About this task:
Repeat the data in full. Drop every picture.

[Data extract Boundary: Start]

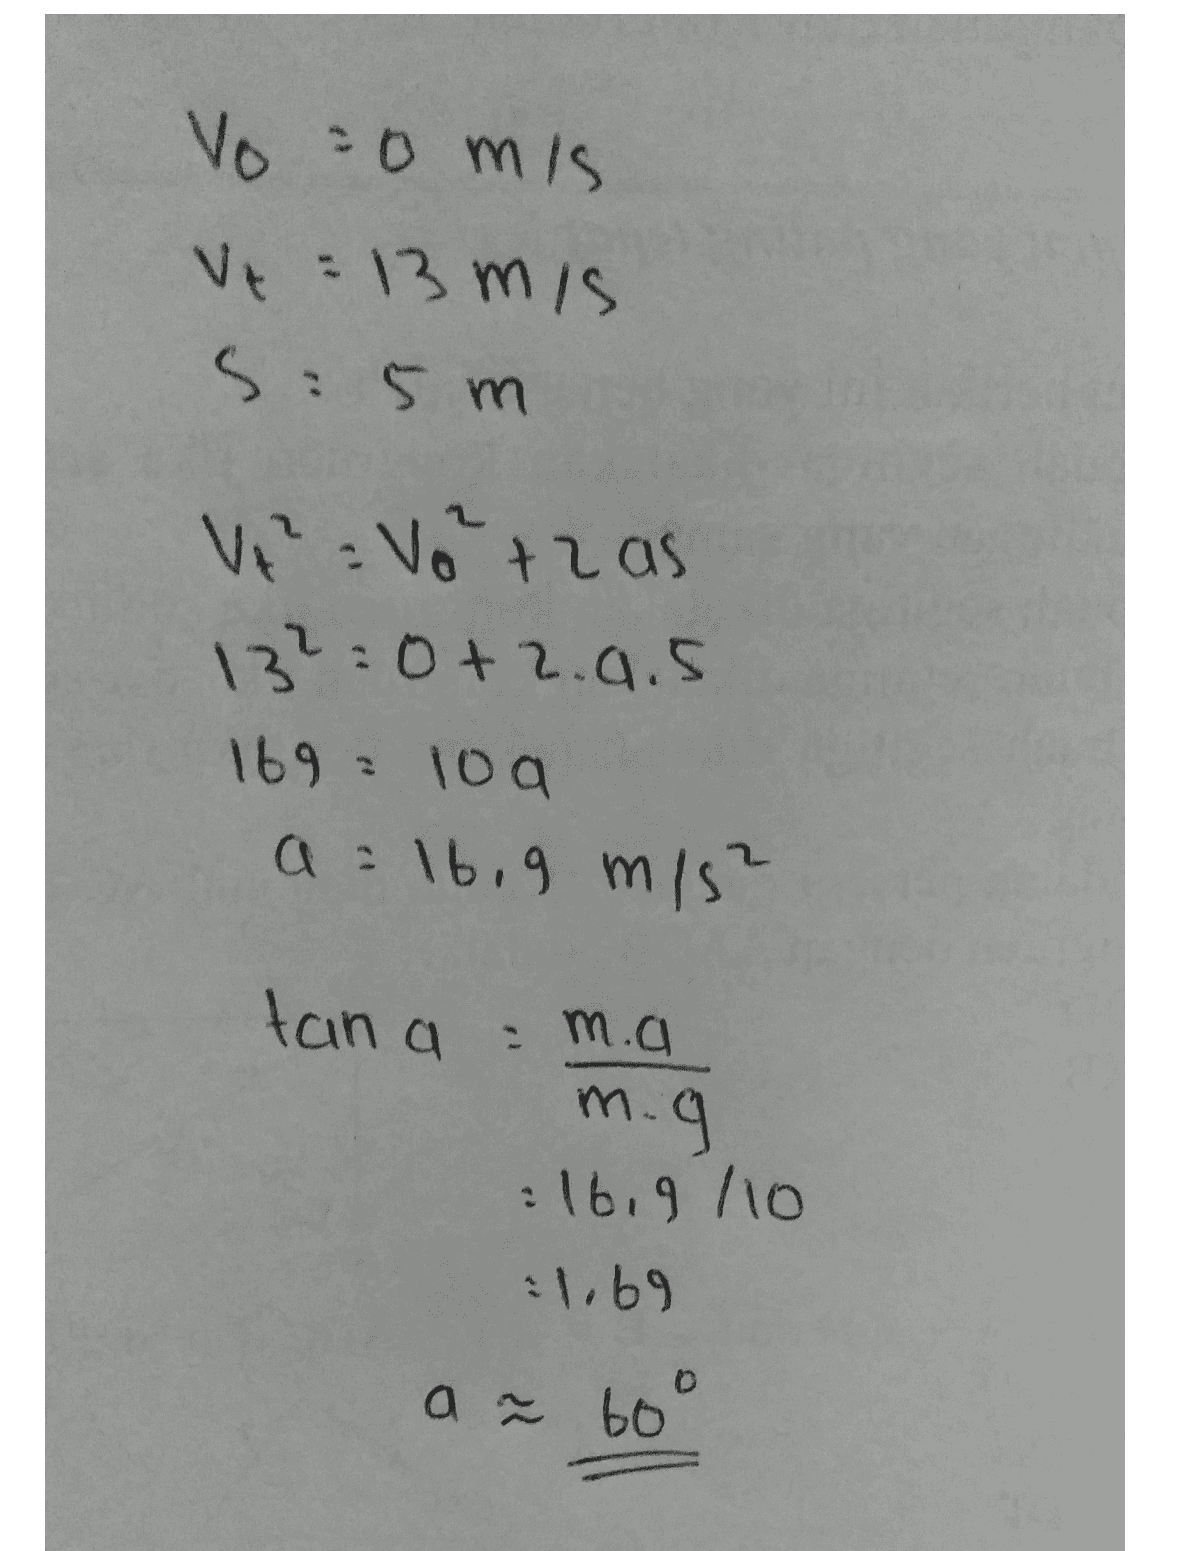 Vo omis Vt : 13 mis 5:5m V = Votz as 13² 0+2.0.5 169 = 10a a = 16, 9 m/s² tana = m.a m.g : 16.9/10 1.69 O a ? 60° 
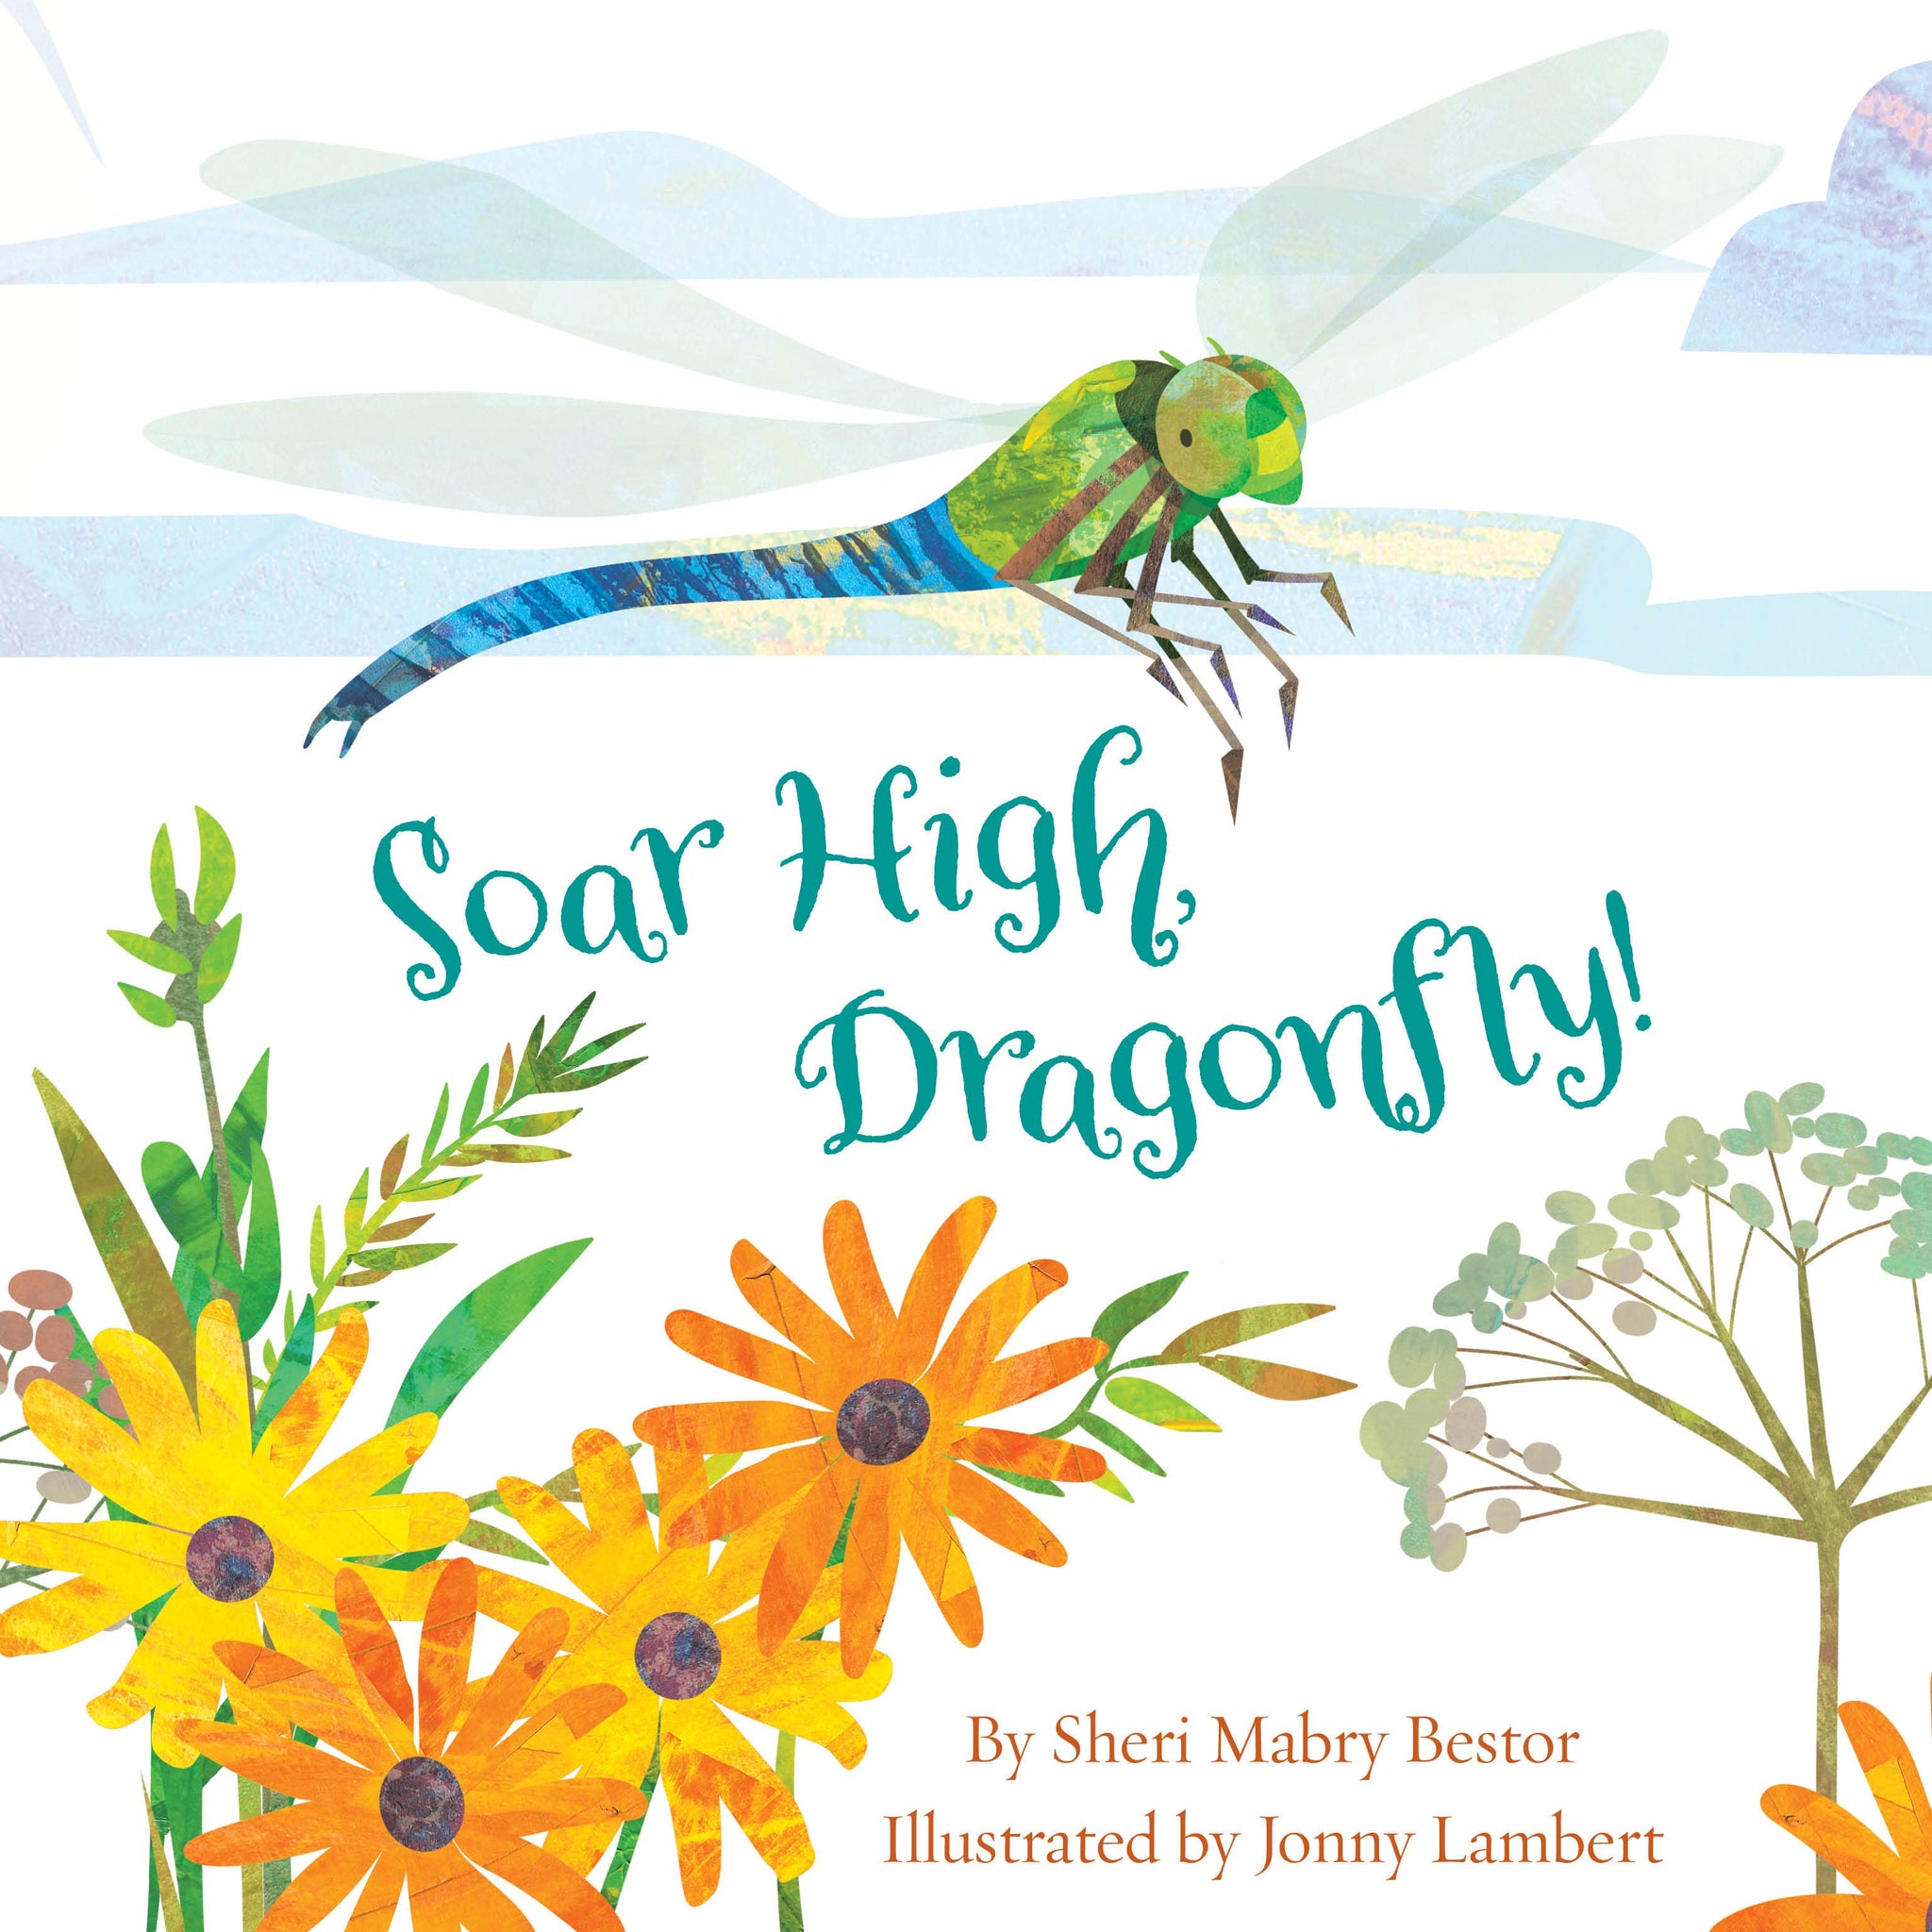 Soar High, Dragonfly!
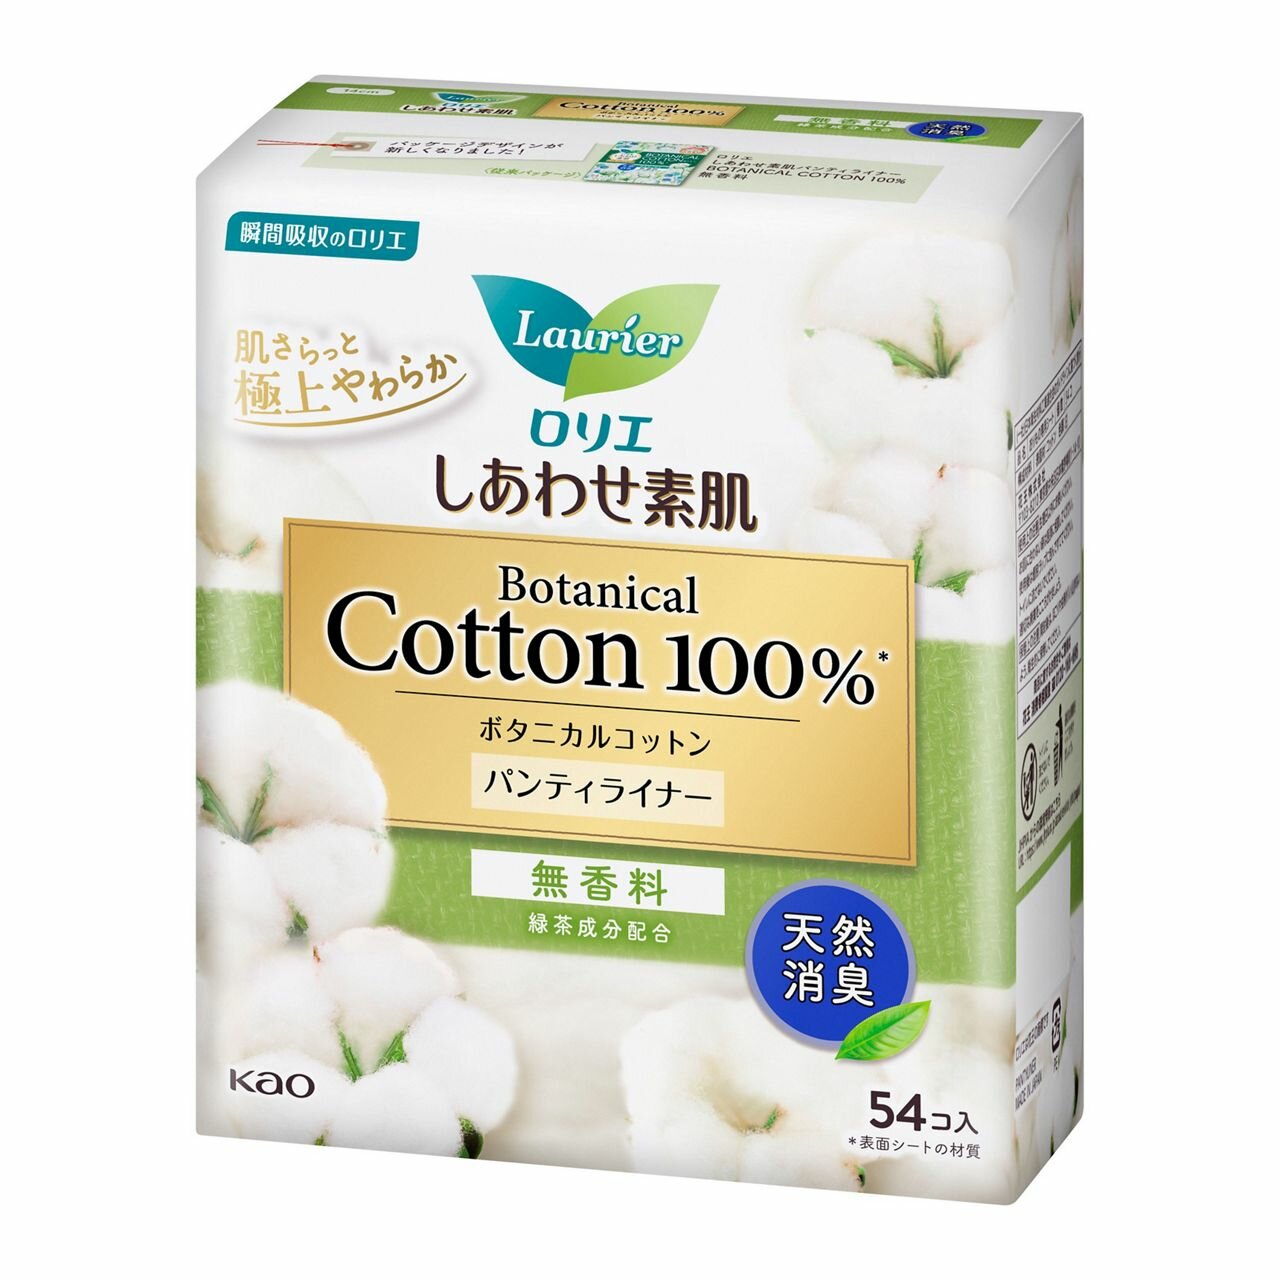 КАО Ежедневные гигиенические прокладки "Laurier", линия "Botanical Cotton", без аромата, 54шт.

[Data extract Boundary: End]

Solution to the exercise:
 Vo omis Vt : 13 mis 5:5m V = Votz as 13² 0+2.0.5 169 = 10a a = 16, 9 m/s² tana = m.a m.g : 16.9/10 1.69 O a ? 60° 
 Soar High, Dragonfly!
 КАО Ежедневные гигиенические прокладки "Laurier", линия "Botanical Cotton", без аромата, 54шт.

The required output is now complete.